Сначала это была простая история: я легла в больницу, чтобы мне удалили аппендикс. Через два дня меня покормили, но пища не удерживалась в желудке. А потом началась лихорадка. Никому не удавалось выделить какие-нибудь бактерии или понять, в чем дело. И никто так никогда и не разобрался. Мне вводили питательные растворы и антибиотики с помощью капельницы. Она была прикреплена к металлическому шесту на шатких колесиках, и я таскала ее за собой, но быстро уставала. К началу июля мои проблемы закончились. Однако до тех пор я пребывала в очень странном состоянии: это было в буквальном смысле лихорадочное ожидание, и я очень страдала. У меня дома остались муж и две маленькие дочки. Я ужасно скучала по своим девочкам и так беспокоилась о них, что, наверно, это ухудшало мое состояние. Я питала глубокую привязанность к своему доктору. Это был еврей, который кротко нес на своих плечах печаль (я слышала, как он говорил медсестре, что его дедушка, бабушка и три тетушки погибли в концлагерях). У него были жена и четверо взрослых детей здесь, в Нью-Йорке. Этот чудесный человек, я полагаю, сочувствовал мне. Он распорядился, чтобы моих девочек — одной было тогда пять, а второй шесть — пустили ко мне, если они ничем не больны. Их привела в мою палату подруга нашей семьи, и я увидела, какие у них грязные личики, и волосы тоже.

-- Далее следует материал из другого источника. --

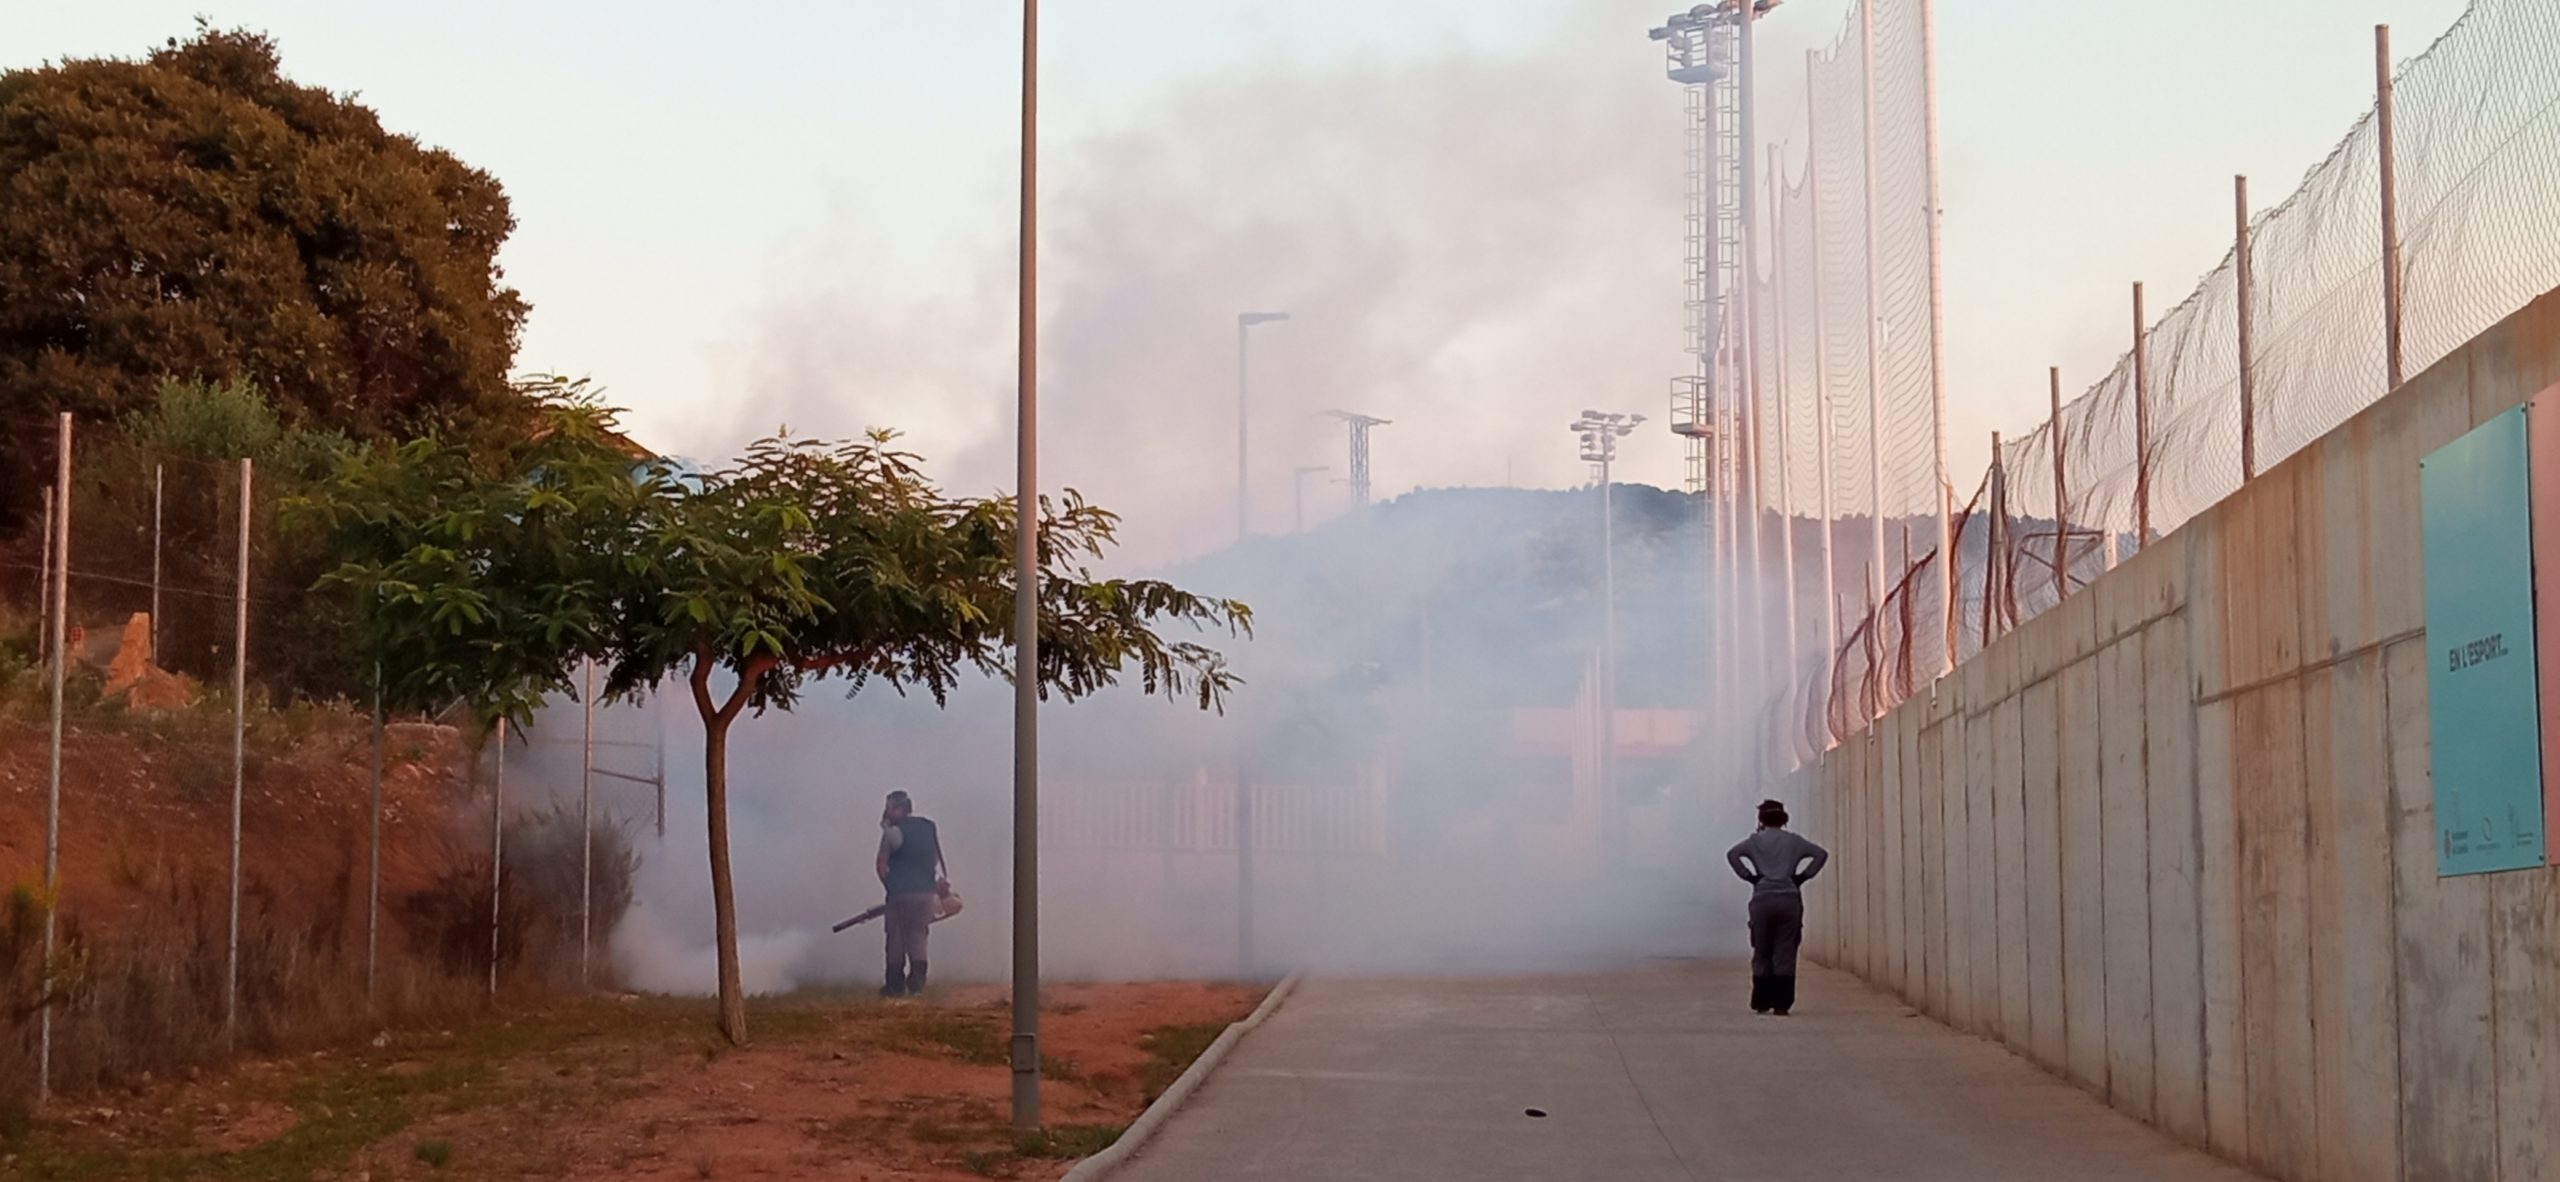 El Patronato de Deportes realiza fumigaciones contra mosquitos en instalaciones municipales

Я потащила их в душ, волоча за собой капельницу. Они закричали: «Мамочка, какая ты тощая!» Девочки в самом деле испугались. Потом они сидели на моей кровати, а я вытирала им волосы полотенцем. А когда они начали рисовать картинки, то делали это с опаской: не спрашивали каждую минуту: «Мамочка, мамочка, тебе это нравится? Мамочка, посмотри на платье моей сказочной принцессы!» Они очень мало говорили, особенно младшая. Обняв ее за плечи, я увидела, как выпятилась нижняя губка и дрожит подбородок. Эта кроха изо всех сил старалась быть храброй. Когда они распрощались, я не стала смотреть из окна, как они уходят с моей подругой, которая их привела и у которой не было собственных детей.

Мой муж, естественно, был занят: он вел дом и был загружен на работе, поэтому ему редко удавалось навестить меня. Когда мы познакомились, он сказал мне, что терпеть не может больницы: когда ему было четырнадцать, его отец умер в больнице. Теперь я поняла, что мой муж действительно их терпеть не мог. В первой палате, куда меня поместили, лежала умирающая старуха. Она все время звала на помощь, и меня поражало, с каким безразличием слушают медсестры, как она кричит, что умирает. Муж не мог этого вынести — я имею в виду, не мог вынести, что ему приходится навещать меня там, — и перевел в отдельную палату. Нашей медицинской страховки не хватало, чтобы оплатить такую роскошь, и с каждым днем наши сбережения таяли. Я была благодарна, что не слышу криков бедной женщины, но если бы кто-нибудь узнал, насколько мне одиноко, мне было бы неловко. Когда приходила сестра, чтобы измерить мне температуру, я старалась задержать ее хоть на несколько минут. Но сестры были заняты и не могли тратить время на болтовню.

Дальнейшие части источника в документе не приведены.